A.10. What is the Kussmaul sign? Is this finding consistent with cardiac tamponade physiology?

Answer:

The Kussmaul sign describes an abnormal rise or absence of a fall in jugular venous pressure with negative pressure inspiration. It is typically quantified as a less than 5 mm Hg fall in inspiratory right atrial pressure. It is classically associated with constrictive pericarditis, but can be seen in conditions associated with restricted right-sided filling including tricuspid stenosis and RV dysfunction.
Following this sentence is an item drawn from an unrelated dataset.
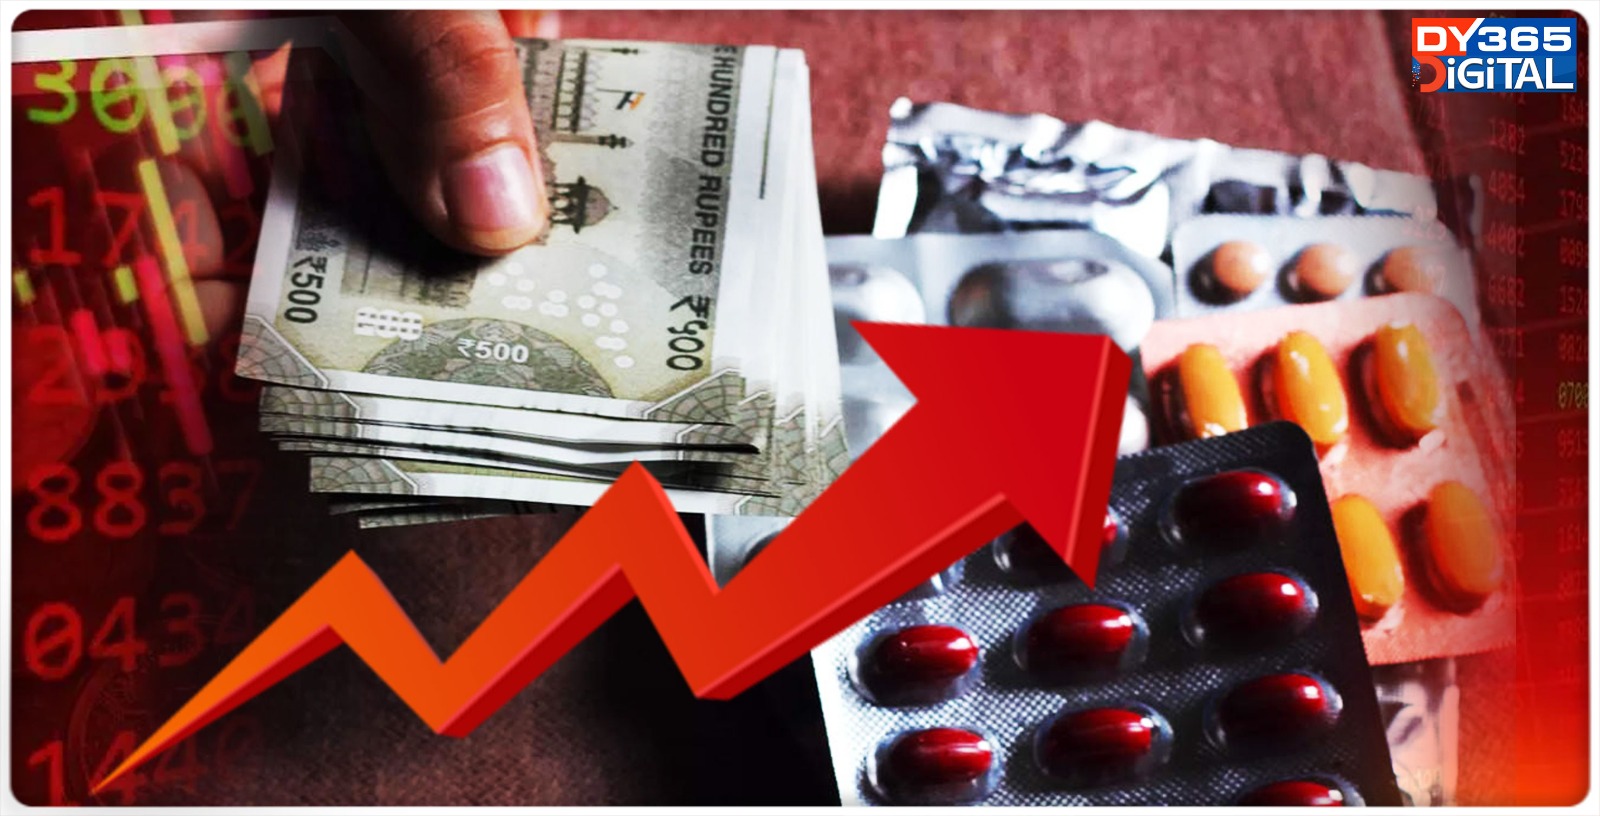 prices-of-800-essential-medicines-to-get-costly-from-april-1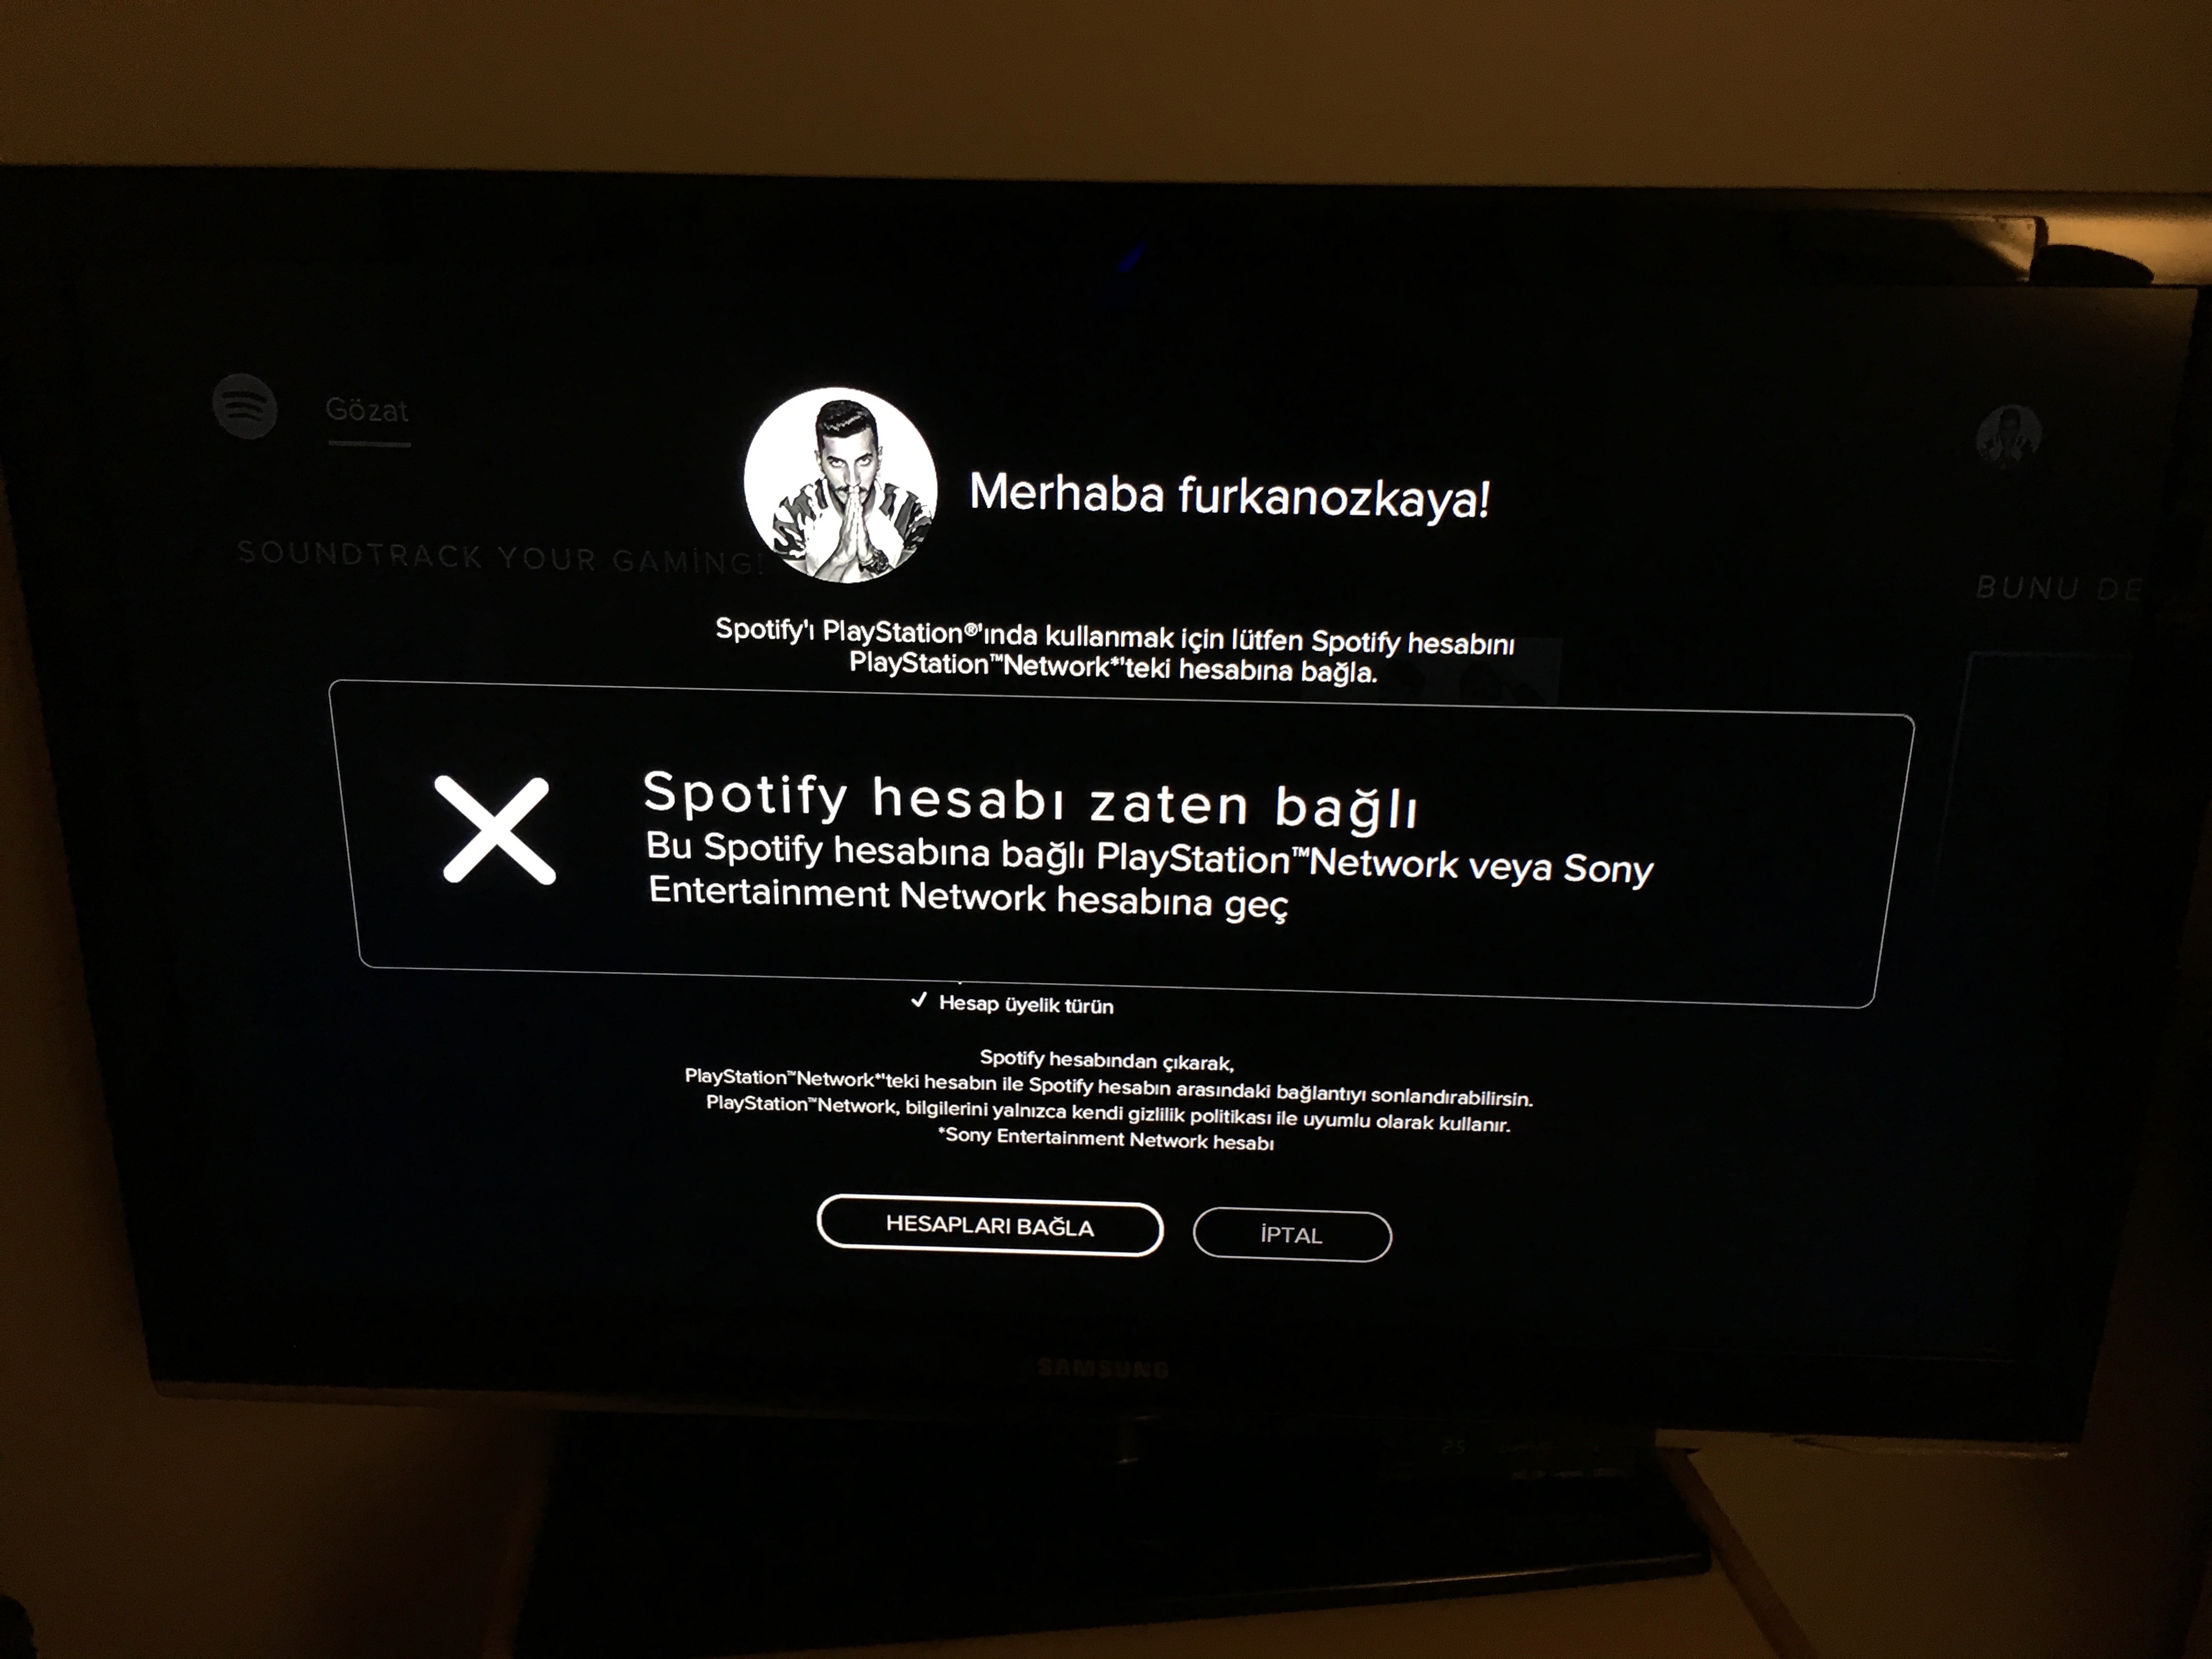 Solved: Can't login to Spotify on Playstation 4 - Page 2 - The Spotify  Community

Some controversy exists as to whether Kussmaul sign can be present in cardiac tamponade. If defined solely as a pathologic rise in jugular venous pressure with negative pressure inspiration, then Kussmaul sign cannot be present in cardiac tamponade unless there is concurrent constriction from an abnormal pericardium, pericardial clot, or adhesions. The difference between cardiac tamponade (assuming free-flowing intrapericardial fluid) and constrictive physiology is the influence of intrathoracic pressure on the intracardiac filling pressures. In constrictive pericarditis, changes in intrathoracic pressure are not well transmitted through the abnormally thickened pericardium. This effectively disassociates the cardiac chamber pressures from intrathoracic pressure changes. The RA and RV, invested within a constrictive pericardium, have abnormally high filling pressures with little to no respirophasic variation. During the rapid filling phase of diastole, right atrial and RV pressures equalize rapidly as they encounter pericardial constraint, and venous return from the inferior vena cava (IVC) and superior vena cava (SVC) compete for entry into the high-pressure RA. Because IVC inflow is favored over that from the SVC due to augmentation by transdiaphragmatic pressure, jugular venous pressure rises due to constricted SVC inflow. This causes the characteristic, paradoxical rise in jugular venous pressure of the Kussmaul sign.

In cardiac tamponade, respiratory changes in intrathoracic pressure are transmitted to the intrapericardial fluid. Right atrial and RV pressures fall together with intrathoracic pressure during spontaneous inspiration despite the presence of cardiac tamponade, thereby augmenting the gradient for venous return from both the SVC and IVC. This results in a fall in jugular venous pressure with inspiration.